═════ Dataset content ═════

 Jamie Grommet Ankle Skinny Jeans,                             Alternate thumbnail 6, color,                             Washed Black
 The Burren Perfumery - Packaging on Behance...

═════
═════ Dataset content ═════

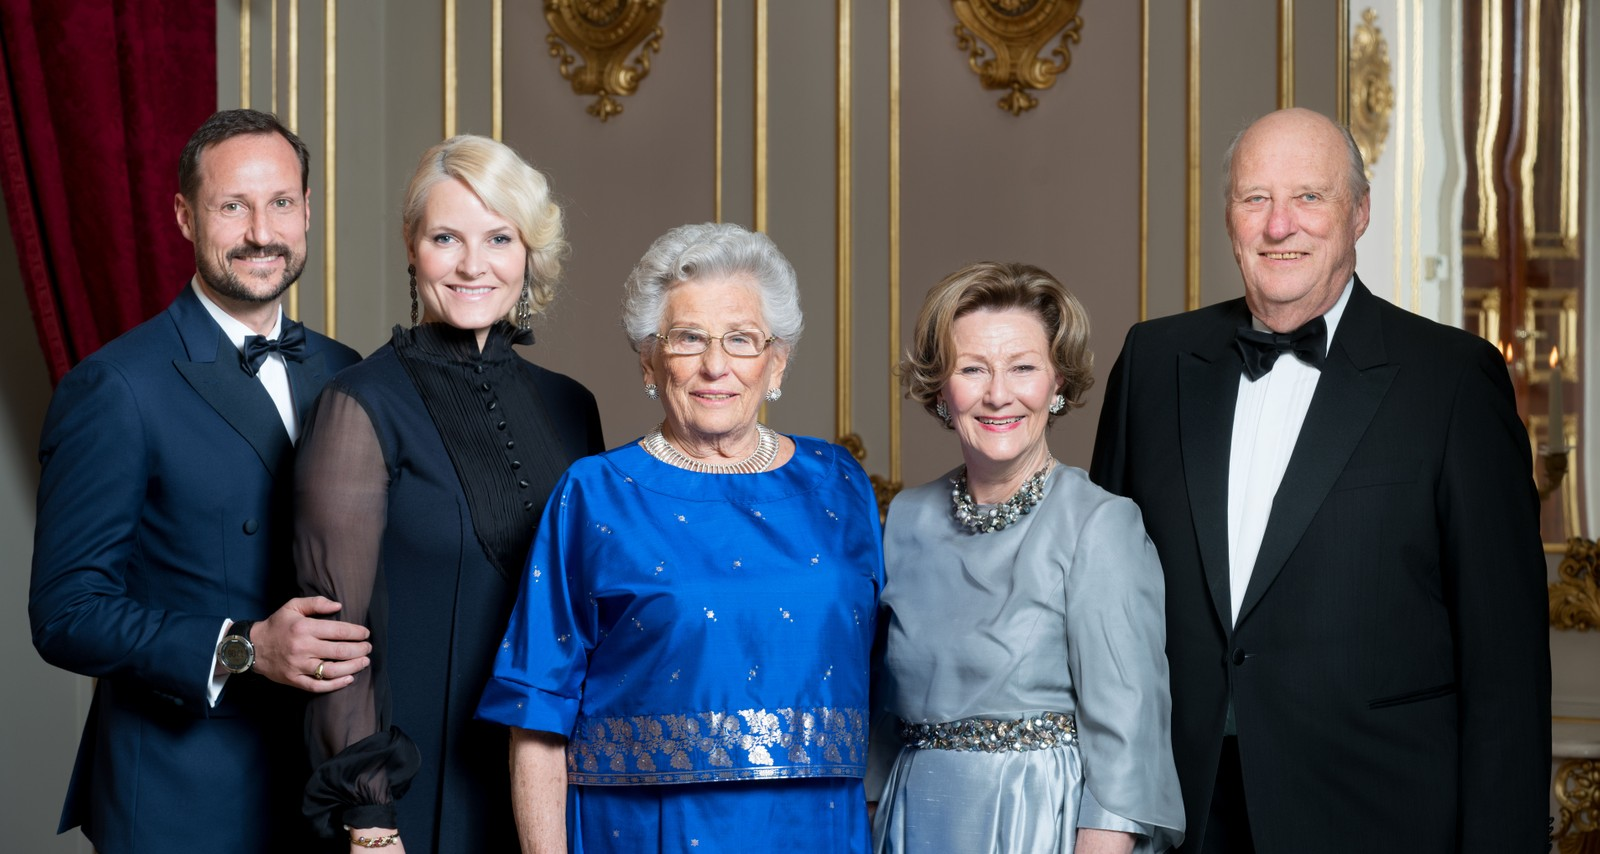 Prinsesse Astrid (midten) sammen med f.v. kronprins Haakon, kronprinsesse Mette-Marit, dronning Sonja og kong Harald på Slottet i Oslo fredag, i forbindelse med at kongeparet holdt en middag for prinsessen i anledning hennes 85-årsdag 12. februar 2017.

═════

*Problem statement*
Look above for the line holding "Jamie Grommet Ankle", then set down exactly that line and every line after it up to and including the line holding "The Burren Perfumery", with nothing else.

*Answer section*
 Jamie Grommet Ankle Skinny Jeans,                             Alternate thumbnail 6, color,                             Washed Black
 The Burren Perfumery - Packaging on Behance...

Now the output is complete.